▶ **Dataset section**:
········

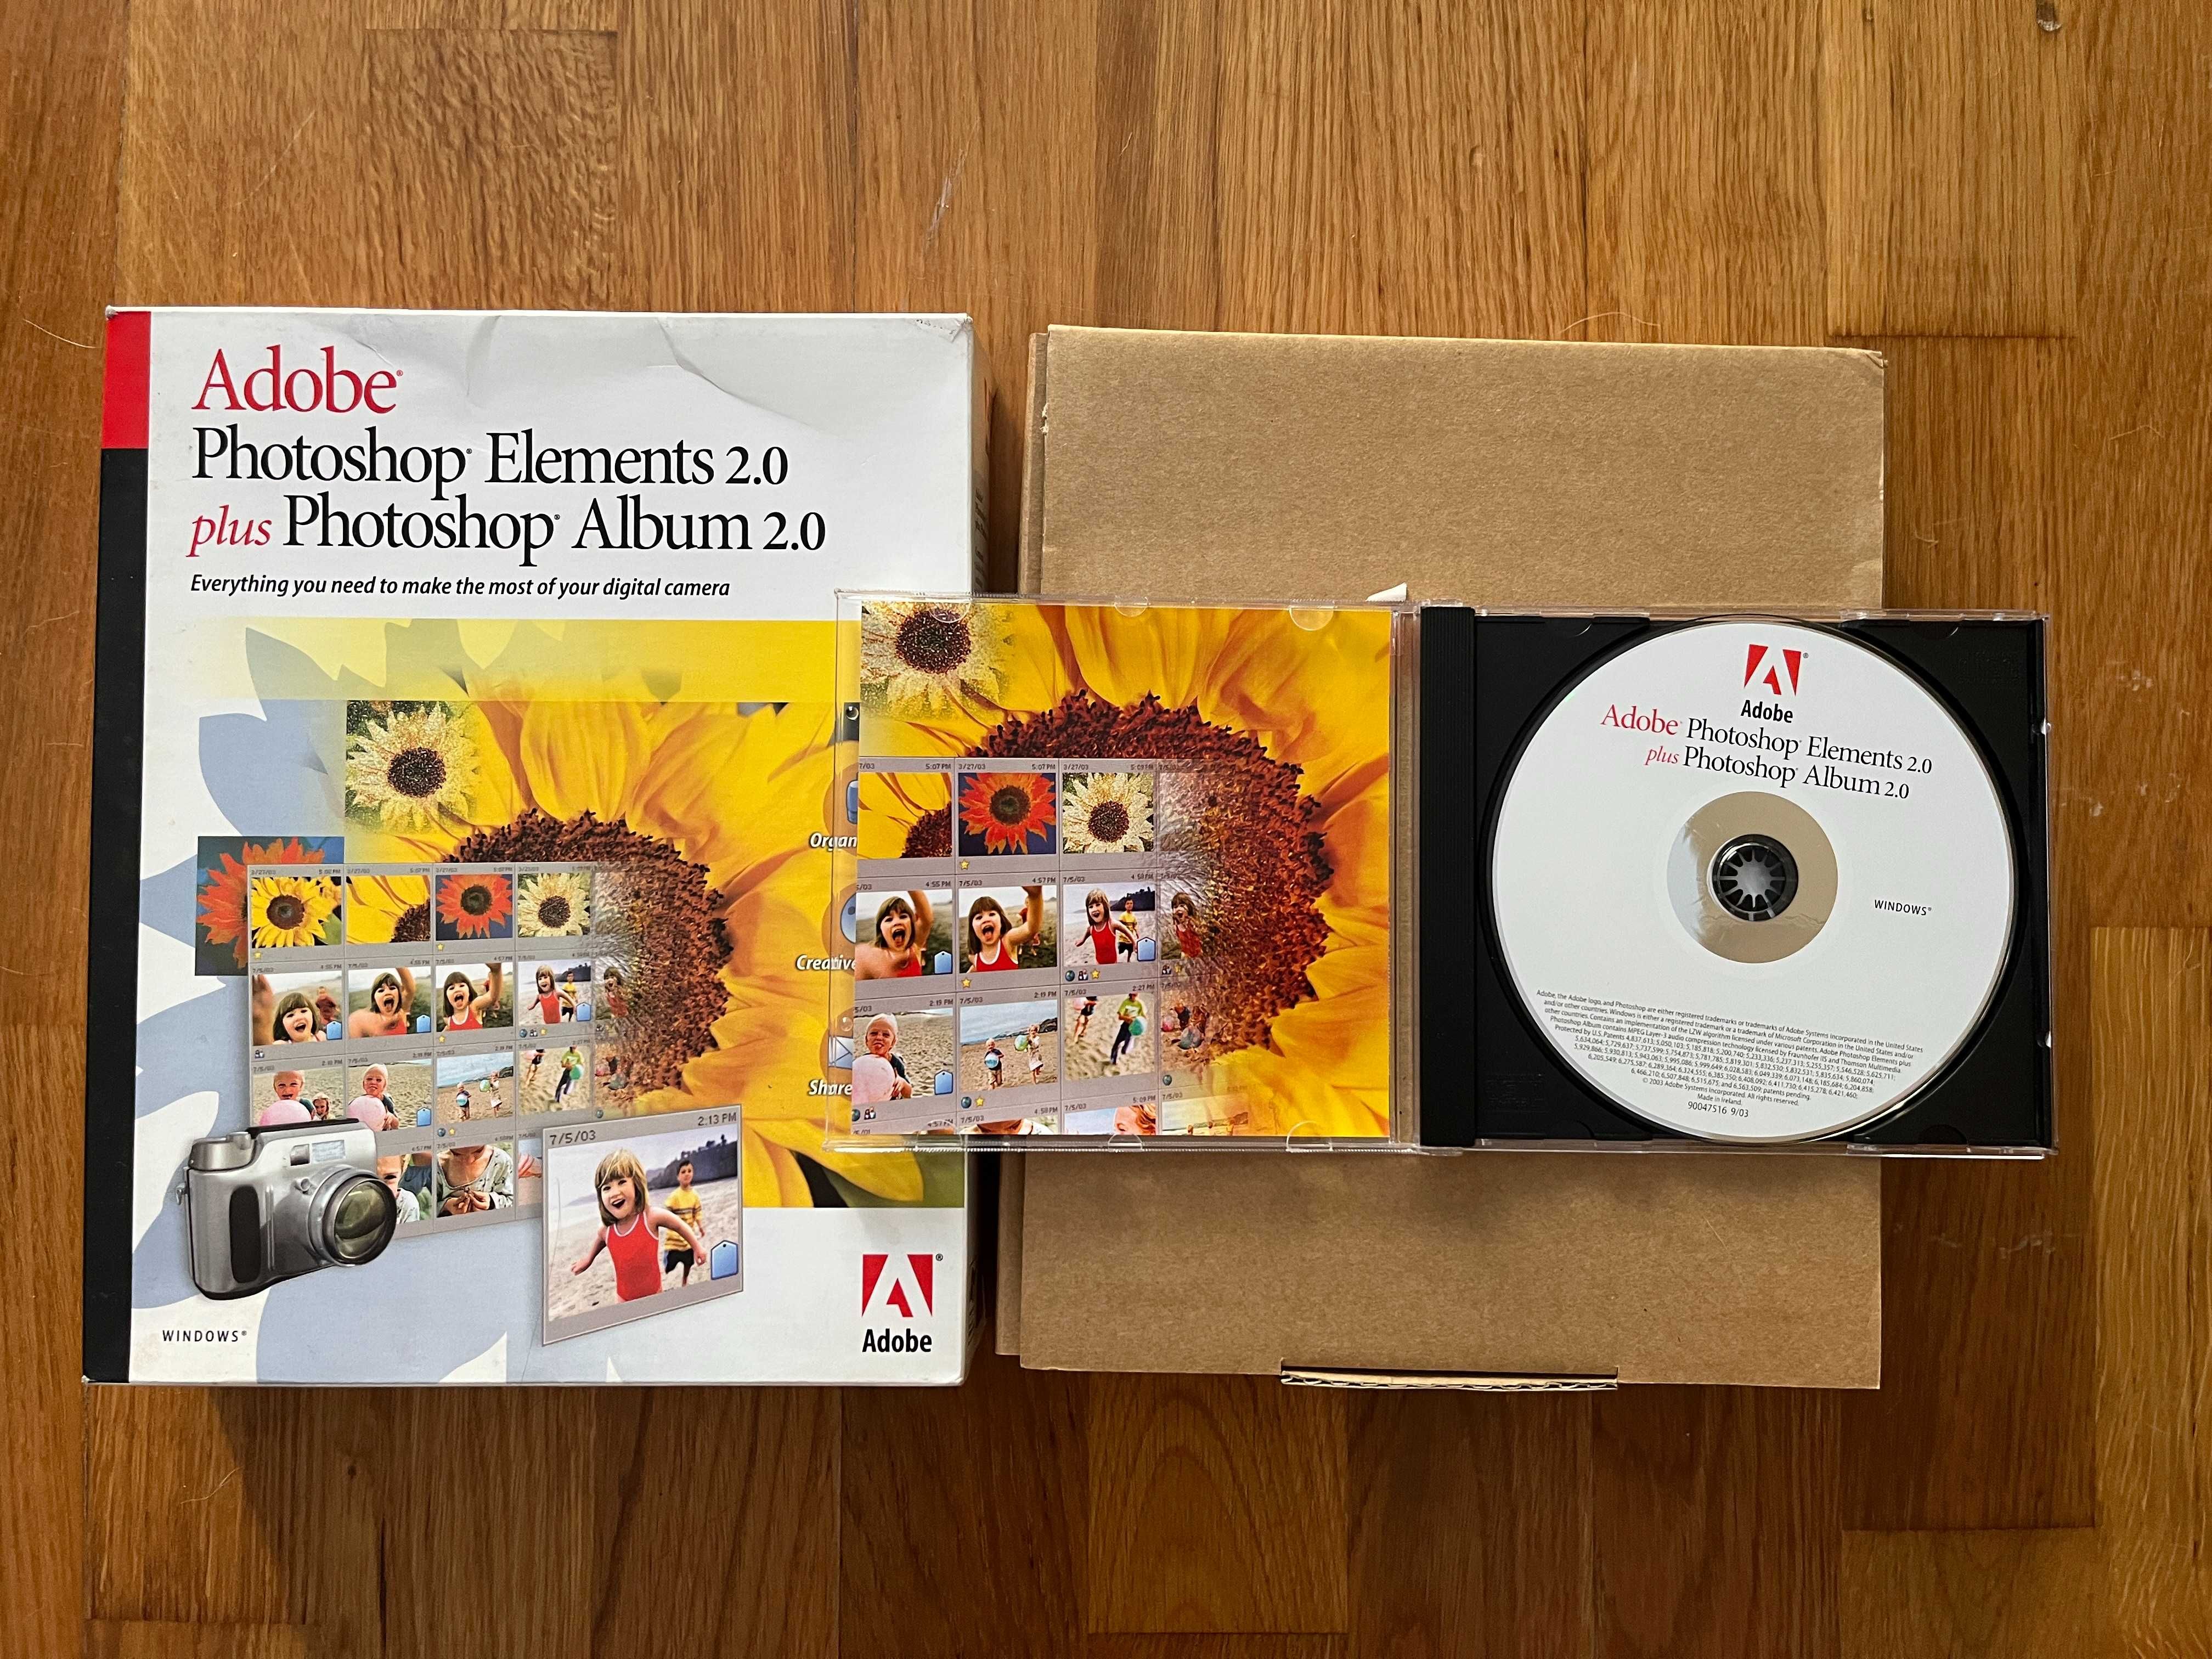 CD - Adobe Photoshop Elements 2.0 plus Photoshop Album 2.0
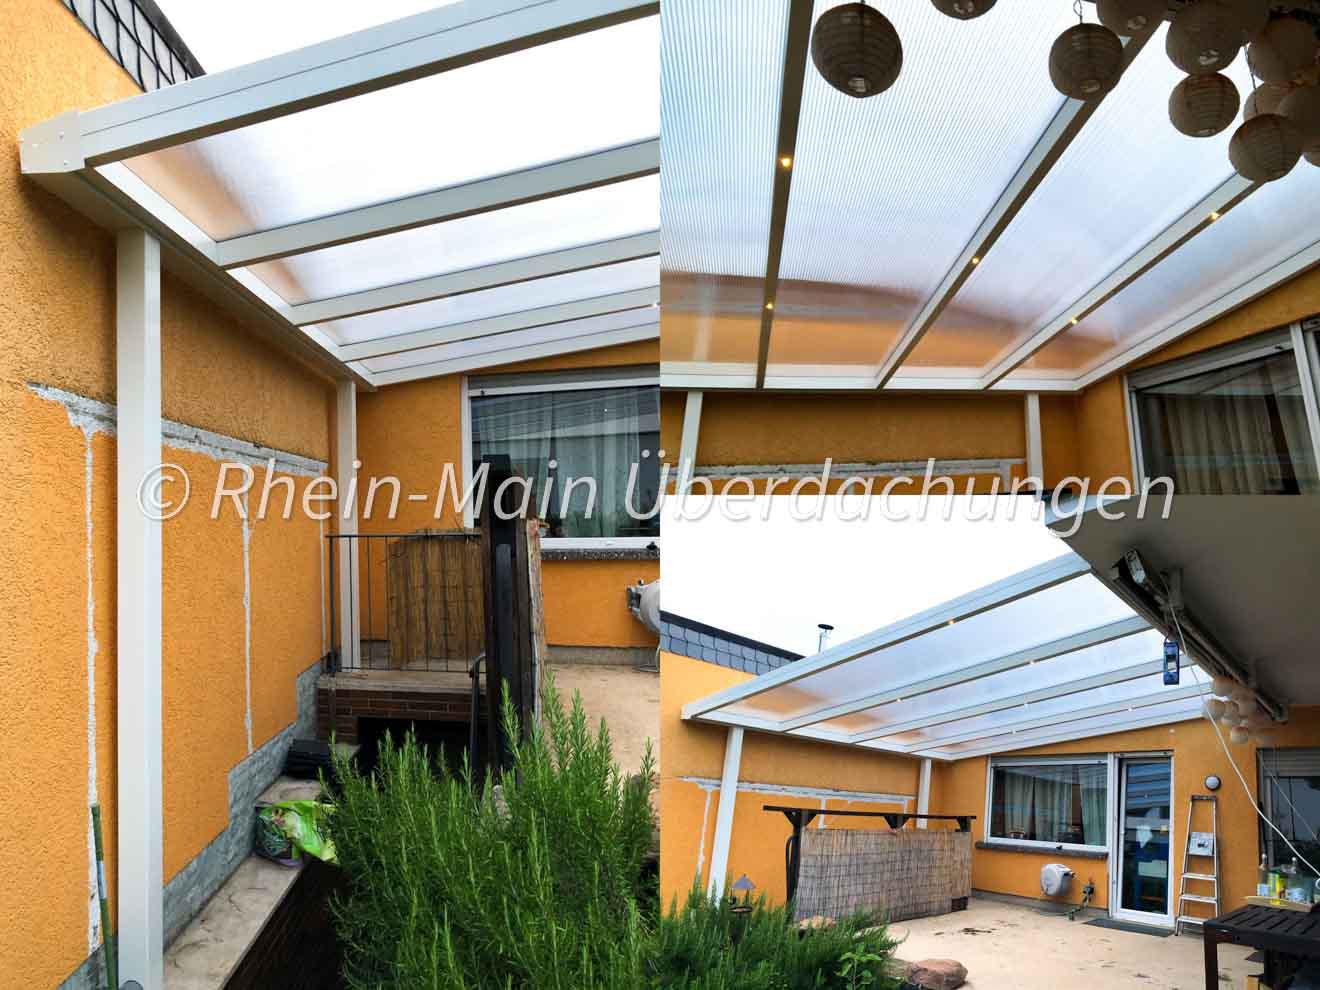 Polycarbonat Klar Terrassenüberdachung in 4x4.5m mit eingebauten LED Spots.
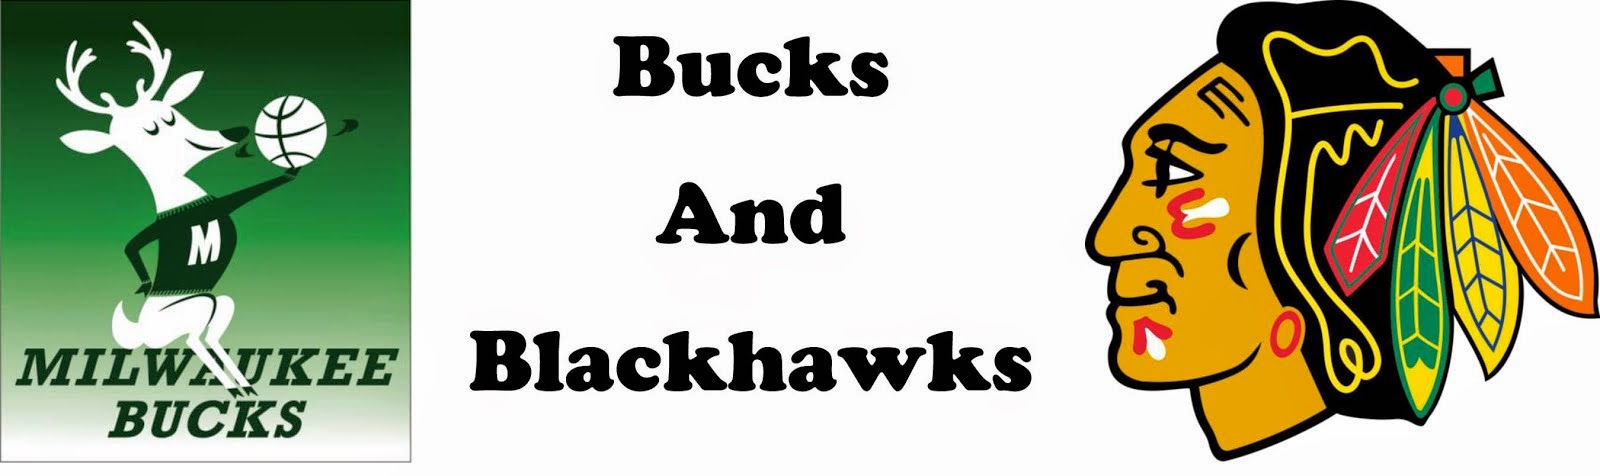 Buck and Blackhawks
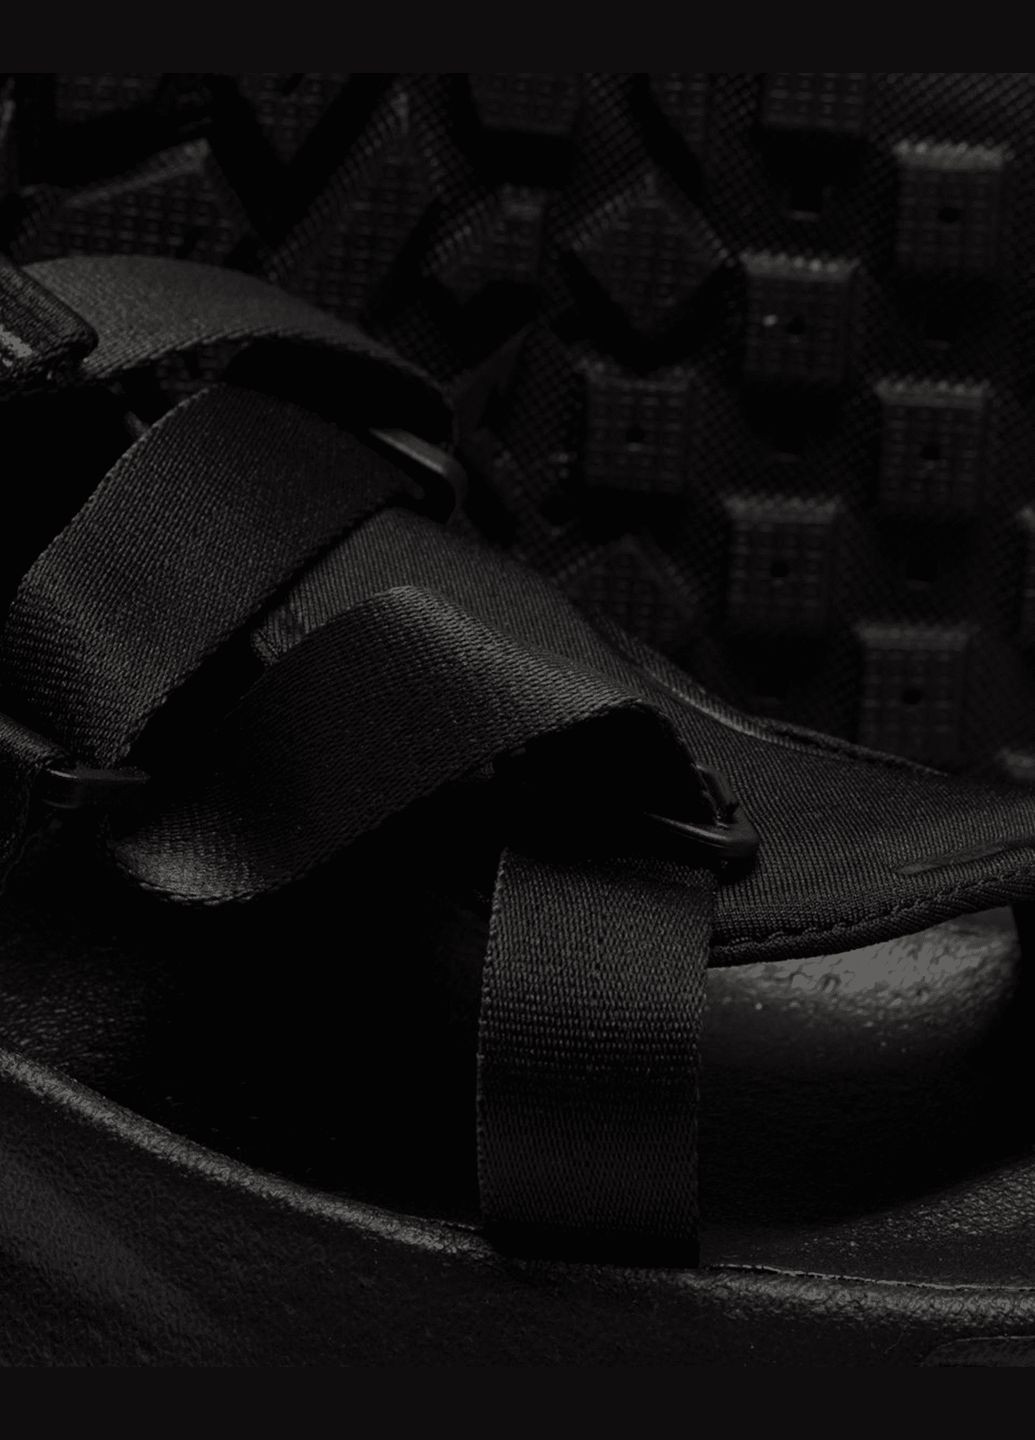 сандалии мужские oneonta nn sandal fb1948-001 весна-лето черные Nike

········

▶ **Activity**:
The finished answer is an exact repetition of the listing, with every picture removed.

▶ **Response area**:
 CD - Adobe Photoshop Elements 2.0 plus Photoshop Album 2.0
 Polycarbonat Klar Terrassenüberdachung in 4x4.5m mit eingebauten LED Spots.
 Buck and Blackhawks
 сандалии мужские oneonta nn sandal fb1948-001 весна-лето черные Nike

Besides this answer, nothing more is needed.